I prefer to purchase cheese in block form and shred or slice it myself. I find this to be the most economical and versatile way to buy and use cheese. I keep parmesan cheese and cheddar on hand the majority of the time along with goat cheese for snacking.
- Shred on Eggs: Top your eggs with cheese or stir into scrambled eggs.
- Tacos: Make breakfast tacos (scrambled eggs and toppings of choice on a tortilla) and top with cheese
- Frittata: Add cheese to your frittata during the last few minutes of cooking.
- On the Side: When we were France last year, I had cheese every morning on the side of fruit, roasted tomatoes, eggs, hazelnuts, and a croissant. Serve a few slices of cheese on the side of your breakfast. Bon appétit!

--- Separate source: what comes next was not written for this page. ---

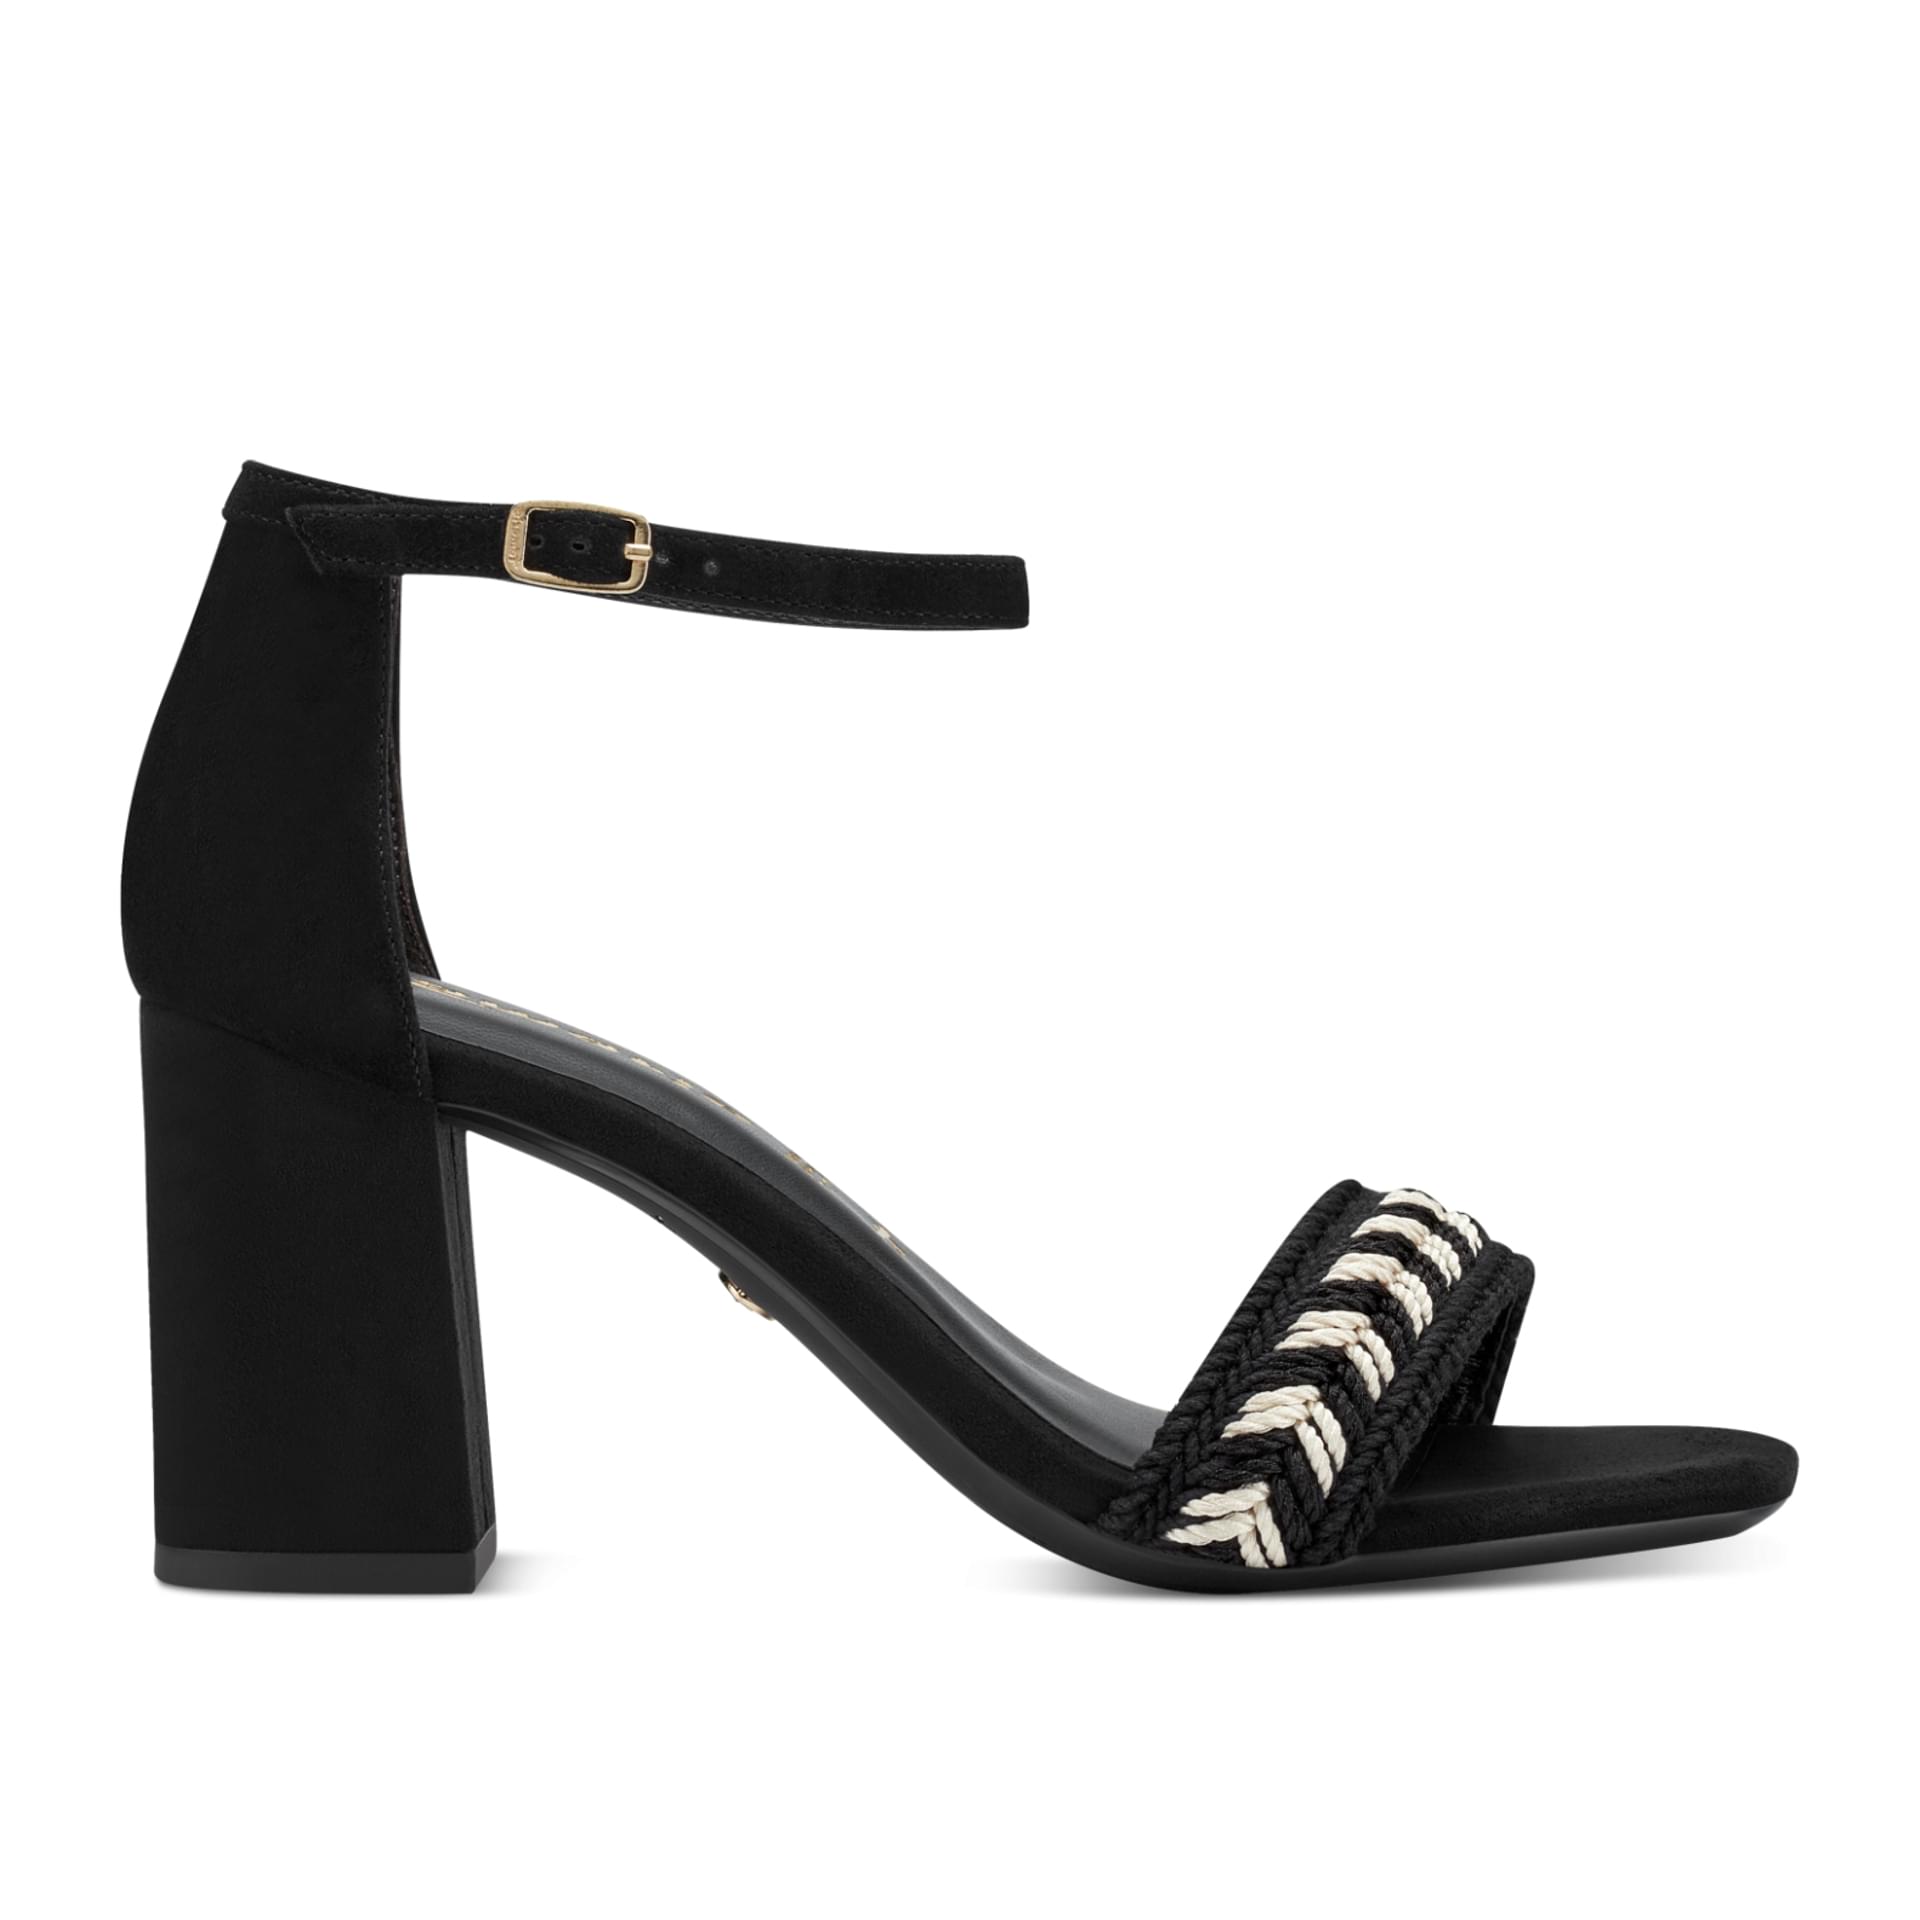 Tamaris Sadira Sandals 1-1-28362-20 in Black

- Omelette: Cheese is what makes an omelette amazing. Sprinkle in some feta or shred some parmesan or cheddar during the last few minutes of cooking.
- Egg and Sausage Breakfast Casserole: This recipe calls for spinach, but yet again you can use whatever leafy green (such as kale or Swiss Chard) that you have on hand.
- Bacon, Egg, Cheese Sandwiches: Toast up sourdough or your favorite bread, scramble an egg or two and top with some shredded or sliced cheese. Add a few avocado slices or tomato or sprouts if you’re feeling extra. You can also do this with homemade biscuits or English Muffins.
Butter
Butter is another staple to have on hand for making a wide variety of recipes, from sautéing veggies to making biscuits and cooking eggs. I even blend butter in my coffee every morning (using a blender).